### Work task
Output the data unchanged and complete, minus the images.

### Given information
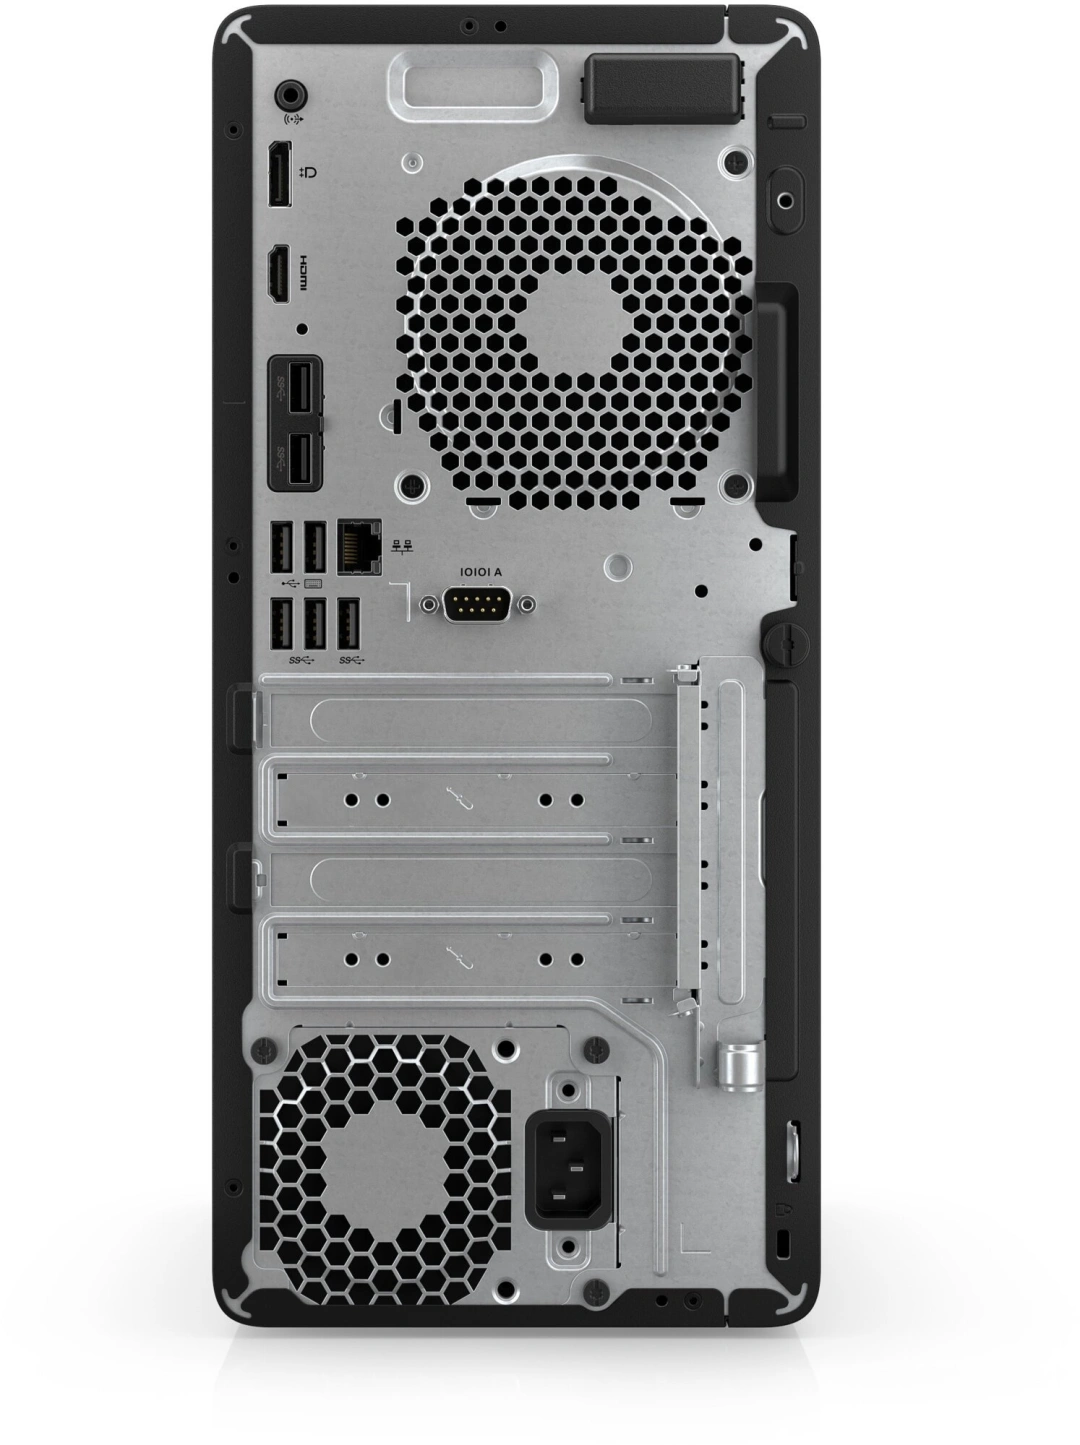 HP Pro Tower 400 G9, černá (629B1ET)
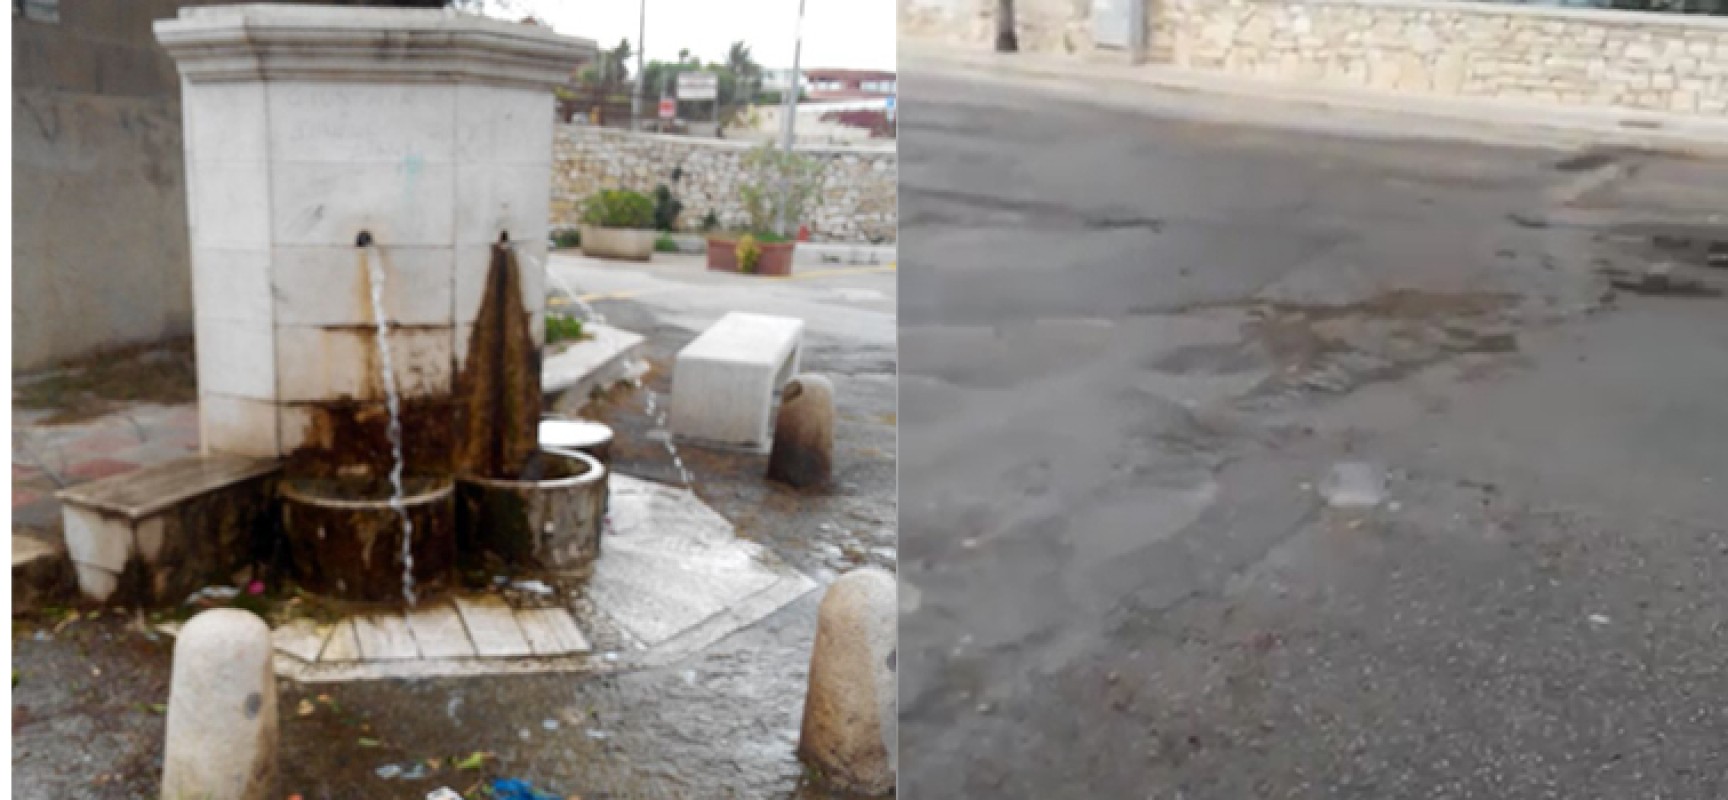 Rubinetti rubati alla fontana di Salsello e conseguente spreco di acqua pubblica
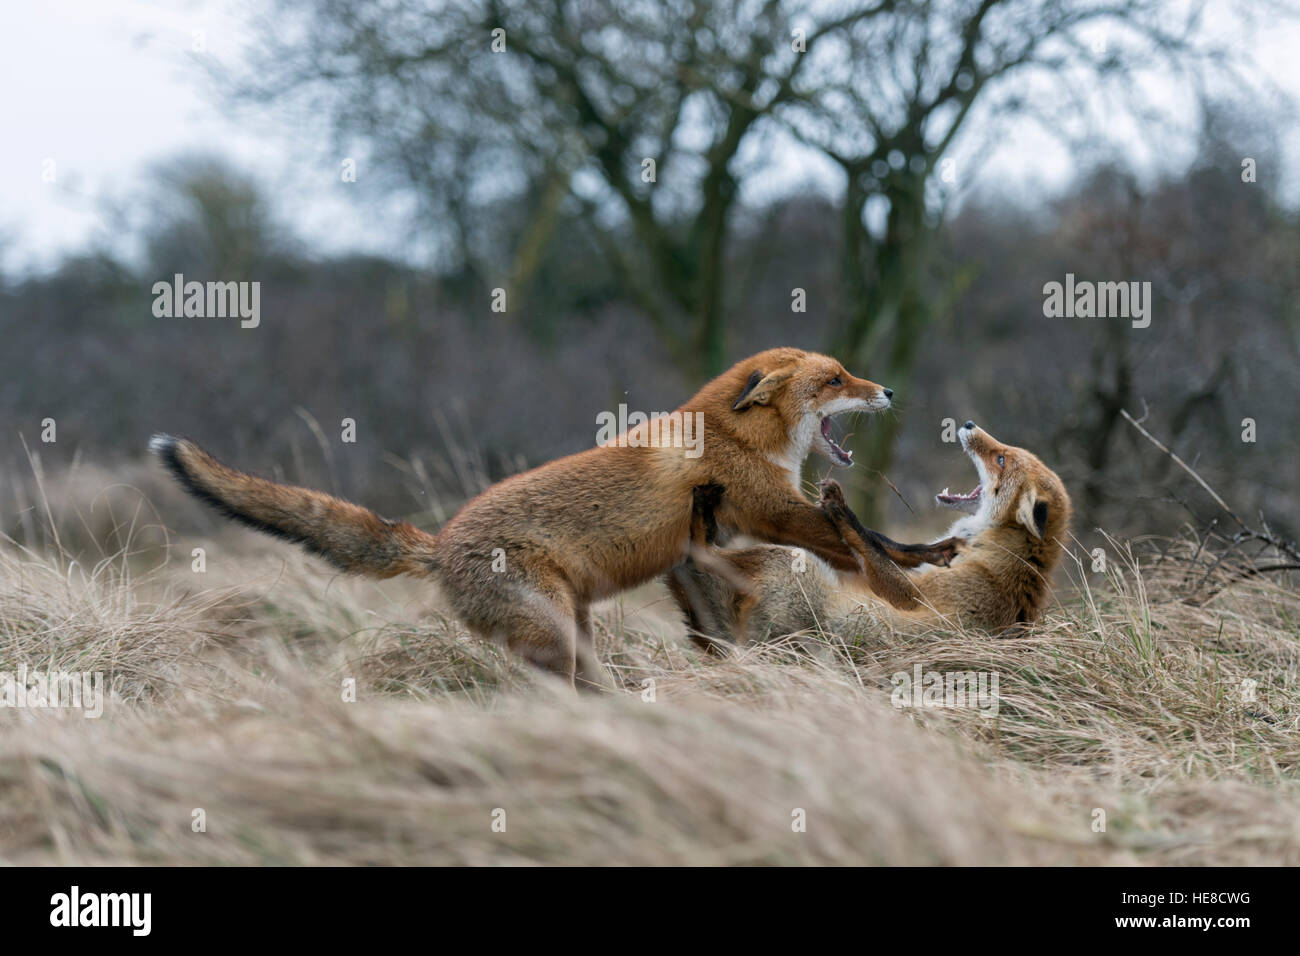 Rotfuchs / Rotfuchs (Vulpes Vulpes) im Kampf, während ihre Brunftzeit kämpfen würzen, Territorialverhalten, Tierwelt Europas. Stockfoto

### Solution to this task
 HP Pro Tower 400 G9, černá (629B1ET)
 Rubinetti rubati alla fontana di Salsello e conseguente spreco di acqua pubblica
 Rotfuchs / Rotfuchs (Vulpes Vulpes) im Kampf, während ihre Brunftzeit kämpfen würzen, Territorialverhalten, Tierwelt Europas. Stockfoto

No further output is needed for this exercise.